Since last post: 1073 days
Last activity: 651 days
Y!:
#1 Posted on | Instant Rating: 4.03
In reading "Class: A Guide through the American Status System" by Paul Fussell, I began to wonder how people define the difference between the classes. There is even a disagreement when it comes to the number of classes. Some people define it as either rich or poor and that it. Then some have gone as far as saying there are nine: Top out-of-sight, upper, upper middle, middle, high proletarian, mid-proletarian, low proletarian, destitue and bottom out-of-sight. I'm curious to see what the W's have to say on the subject. Also I'd like to pass on a few quotes that I thought were interesting.

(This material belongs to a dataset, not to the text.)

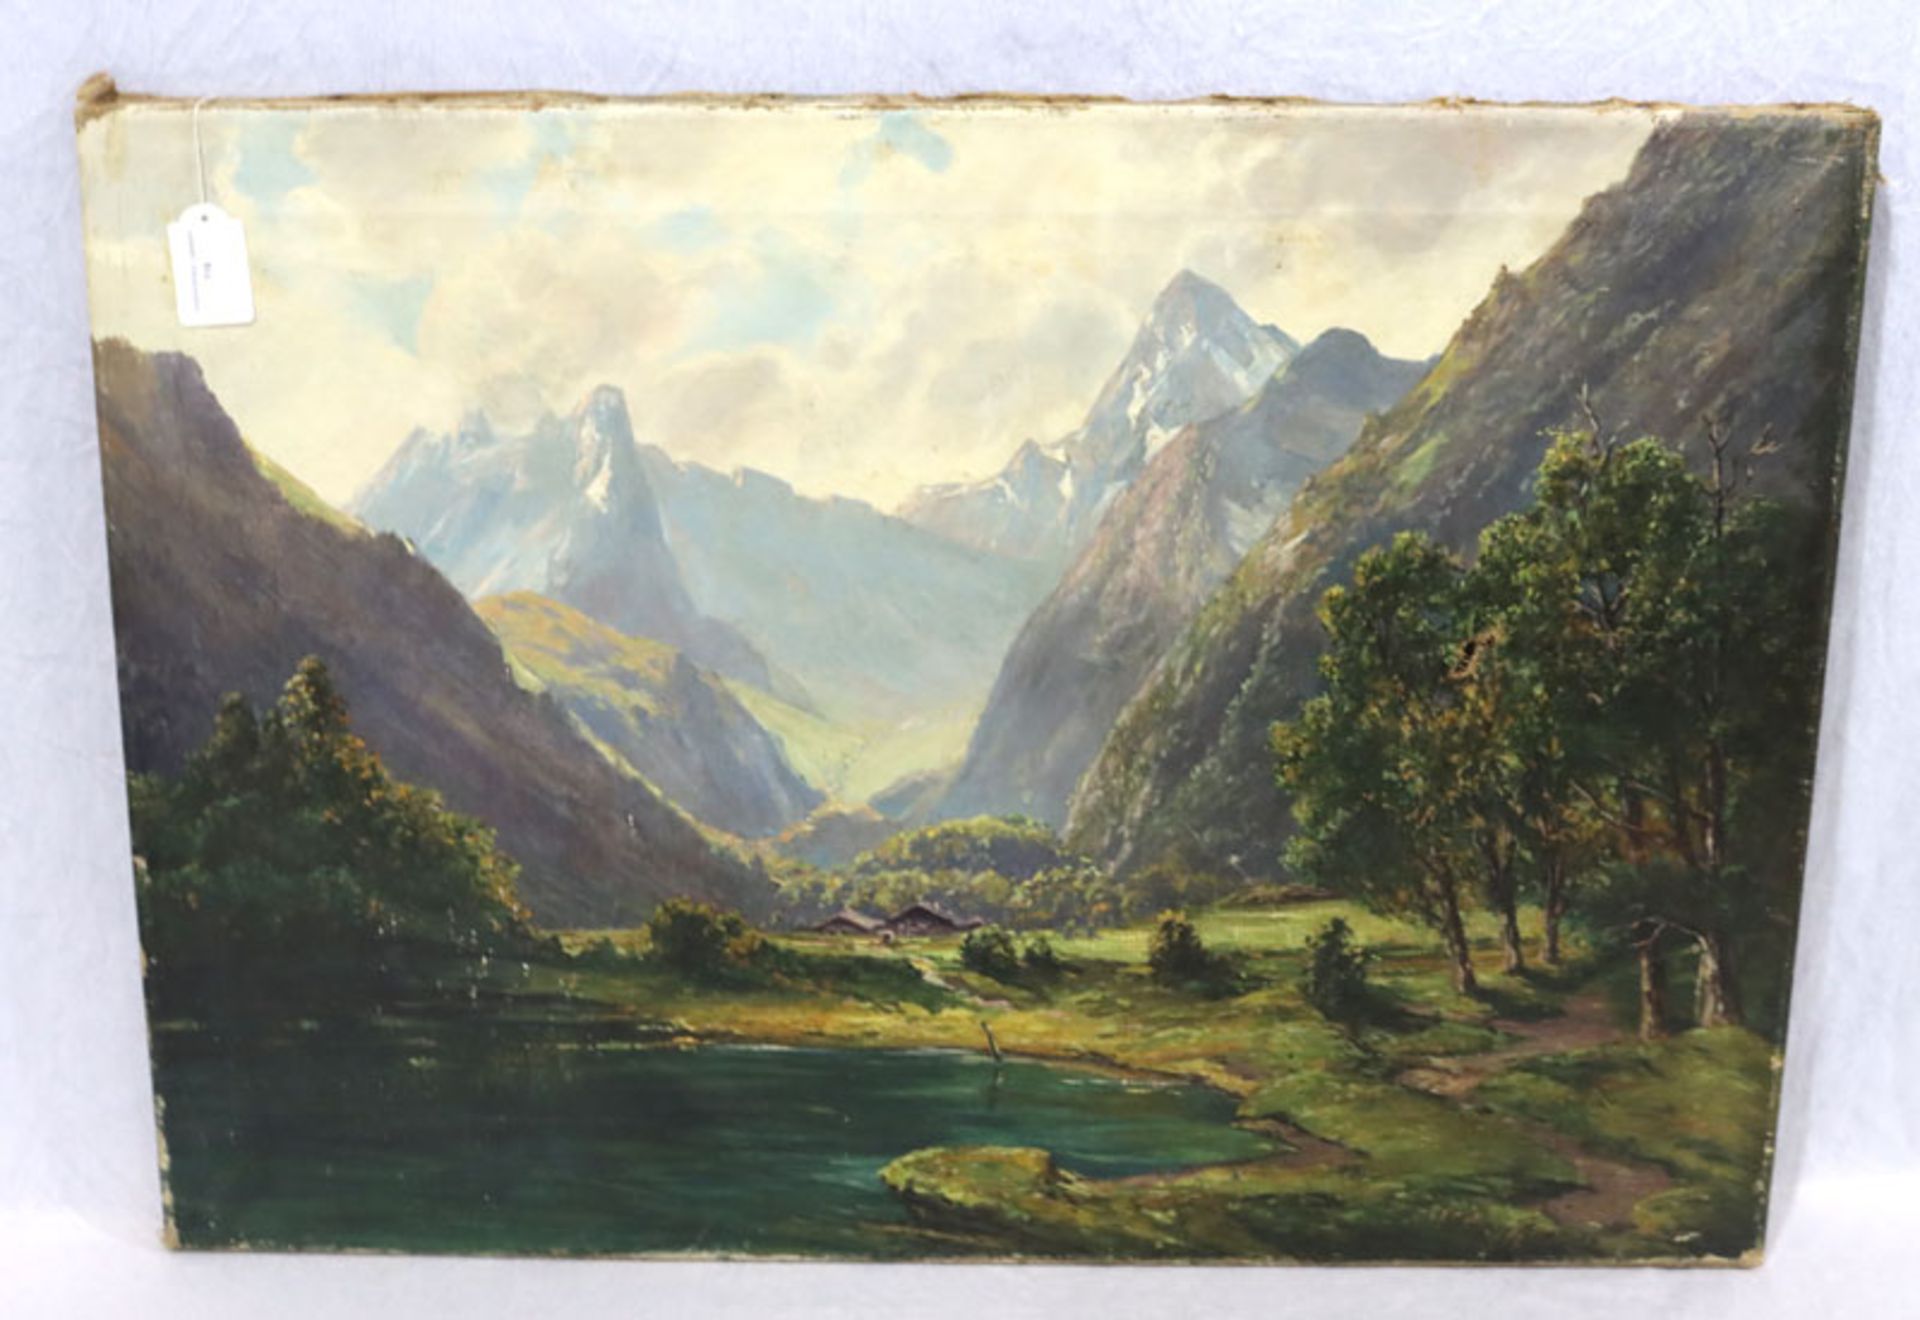 Gemälde ÖL/LW 'Achensee', undeutlich signiert Merk ?, LW mit Reparaturstellen, ohne Rahmen 52 cm x

"The rewards...in this life are esteem and admiration of others--the punishments are neglect and contempt...The desire of the esteem of others is as real a want of nature as hunger--and the neglect and contempt of the world as severe a pain as the gout or stone...
John Adams

In describing the citizens of Washington D.C.,
"Born to be slaves, and struggling to be lords."
Irish poet Thomas Moore

"Nowhere do citizens appear so insignificant as in a democratic nation. Nowhere, consequently, is there more strenuous effort to achieve--earn would probably not be the right word--significance."
Alexis de Tocqueville

I would say that there are five, rich, upper, middle, lower, and poor. Poor is when you do not have adequate money to live on, little education, and no style. Middle is when you have money(either a lot or a little) but some education and style. Rich is when you have money(either a more than you could ever use or ten bucks), but more education and a respect in the way you carry yourself. I believe that it is hard to move up, but once you get there it's easier to stay there. But those are just my ideas as to what makes up class.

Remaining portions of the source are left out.